I'm creating datset of windowed data for deep learning. I generated the data as numpy arrays 4 arrays with shape (141038, 360) and 1 array for labels of shape (141038, ). I saved the arrays in npz file but the file size is too big 1.5 GB. I'm new to python and programming so don't have idea how big should the file size be. However I converted the arrays to Pandas dataframes and Memory usage was in the same range. The Problem that I have 6 files with 9 GB and probably another dataset with overlapping which is 7 times larger so it would be 63 GB possibly.

  • Is such a file size realistic or have I done something wrong? (it's just a file with some numbers not a game)

  • Is there another format to save my arrays with less memory usage? (I tried HFD5 but I got the same file size)

  • I tried to change datatypes and it reduced the size slightly. (3 arrays (f8), 1 (int8), 1 (uint8)) is there other datatypes which could reduce the size more? for 0/1 values is there another datatype more efficient than (uint)?
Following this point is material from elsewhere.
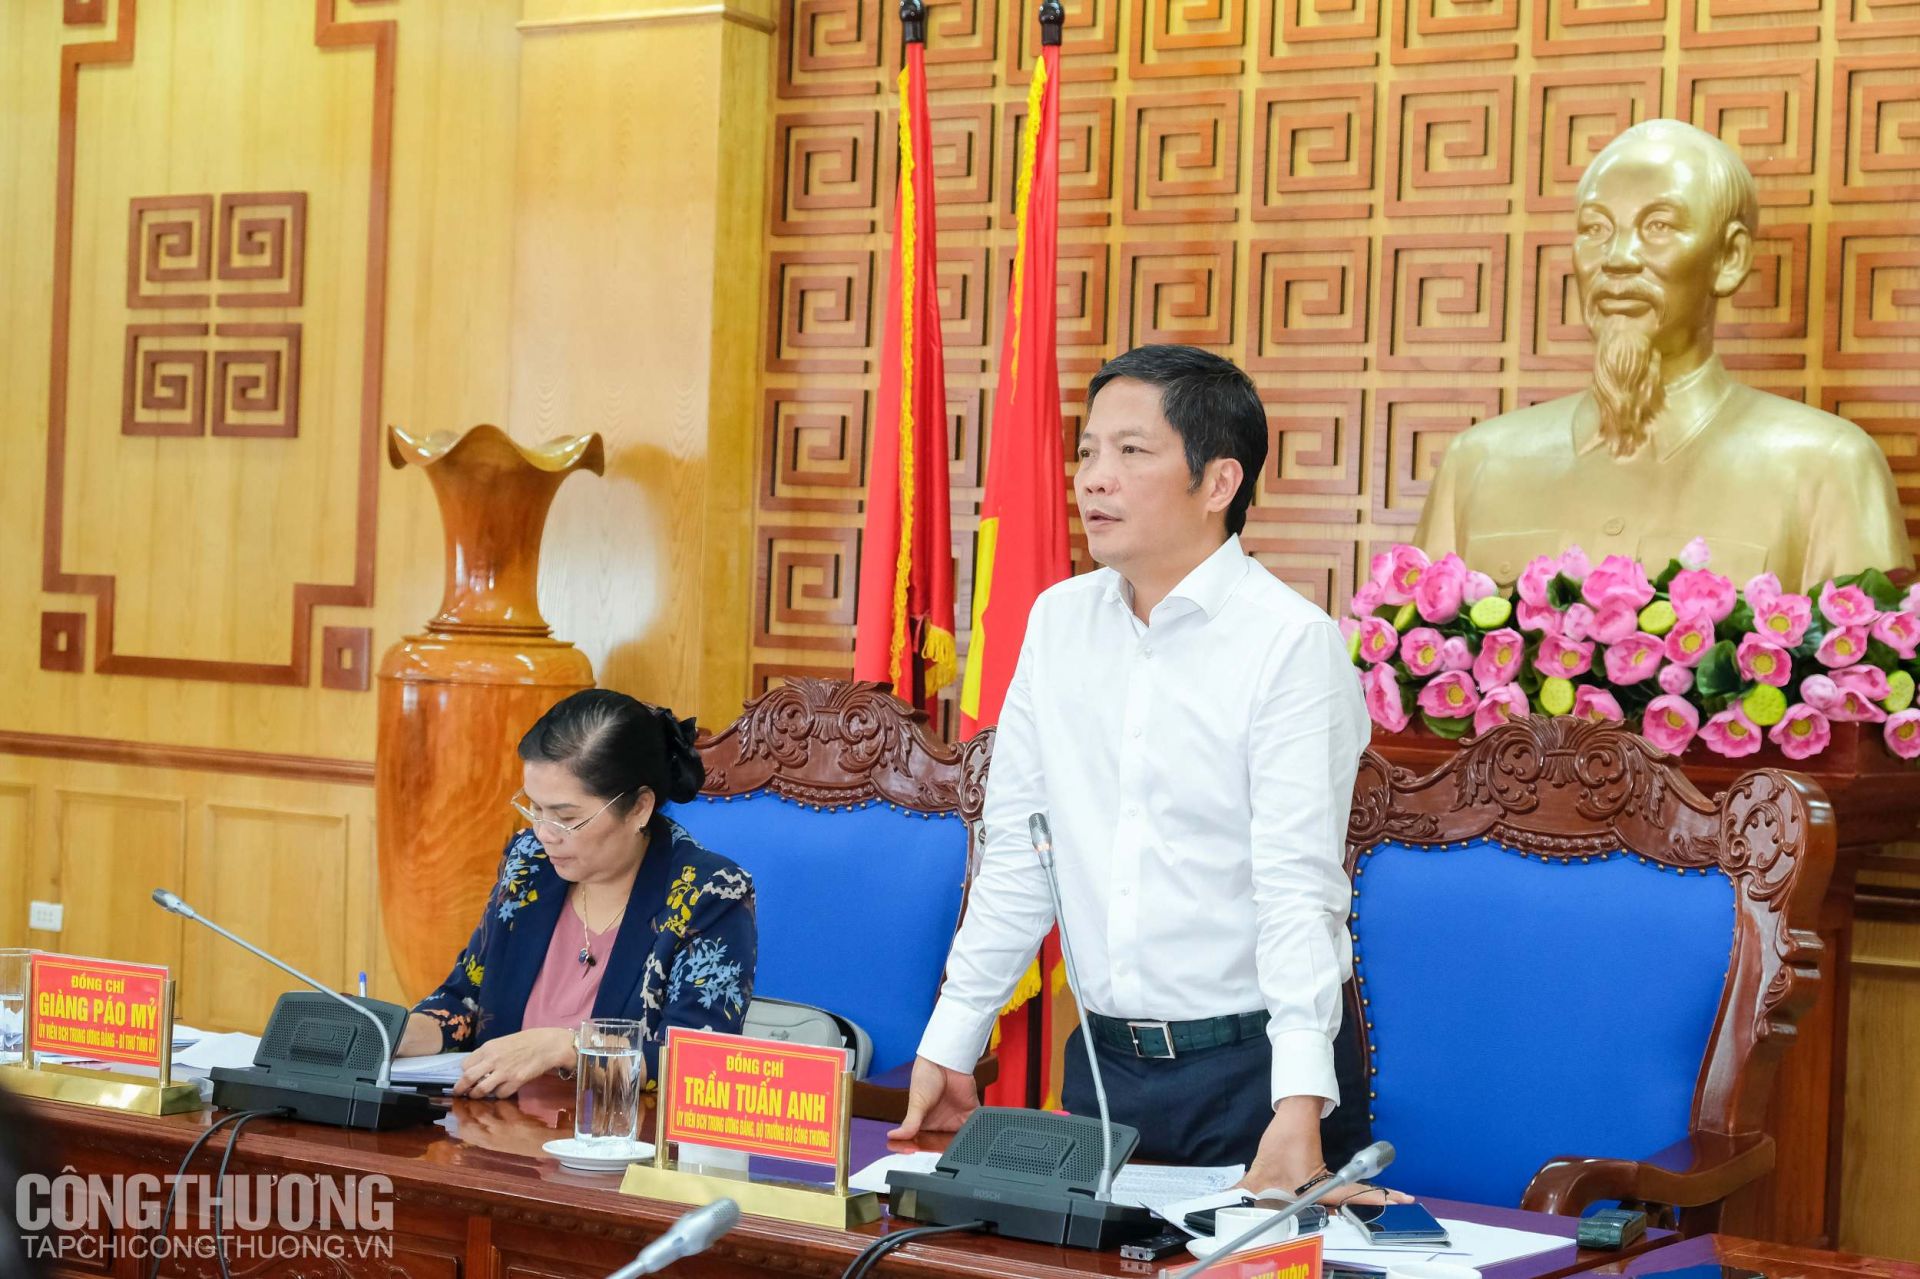 Bộ trưởng Bộ Công Thương Trần Tuấn Anh và Bí thư Tỉnh ủy Lai Châu Giàng Páo Mỷ chủ trì buổi làm việc

  • For float arrays if I reduce the precision, would it help? or there is another way to reduce their size?

  • I have some files filled with Zero padding ,some with edge padding and others with Interpolation. However all files almost have the same size, shouldn't the files with Zero padding have less size?

Hishi51
  • 55
  • 3
  • 9
  • Your arrays contain about 50 million values each, of cause that is going to take some space. And BTW you went far beyong the one question allowed per question. – Klaus D. May 04 '20 at 08:37

1 Answers1

3
  1. Yes, if you're using float type data, it definitely is.

  2. You can try numpy.savez_compressed to save as a compressed array.

ref: https://docs.scipy.org/doc/numpy/reference/generated/numpy.savez_compressed.html

you can use gzip too but the compression algorithm is important.

import gzip
import numpy

f = gzip.GzipFile("x.npy.gz", "w")
numpy.save(file=f, arr=x)
f.close()

this may be useful: Compress numpy arrays efficiently

  1. For binary data, uint8 seems a lot of waste. In fact, you can store 8 values (0/1) in one uin8. Just consider the 0, 1 as bits and you can encode 8 bits in a single uint8 with simple binary operations.

You can use 'boolean' to store 0/1 values.

import numpy as np
import sys

b = np.array([0, 1, 0]*50000, dtype='b')

print(sys.getsizeof(b))

u8 = np.array([0, 1, 0]*50000, dtype='u8')

print(sys.getsizeof(u8))
150096
1200096
  1. Yes, definitely. If you consider lossy compression an option, you can compress the array with a good factor.

  2. Doesn't matter, only matters is the shape and data types. Numpy arrays are not compressed. If you compare it with images - that'd be wrong, analogy like "a black image has less size because of uniformity so zero padded arrays should consume less space" - is irrelevant (images are usually lossy compressed JPEG).

Zabir Al Nazi
  • 10,298
  • 4
  • 33
  • 60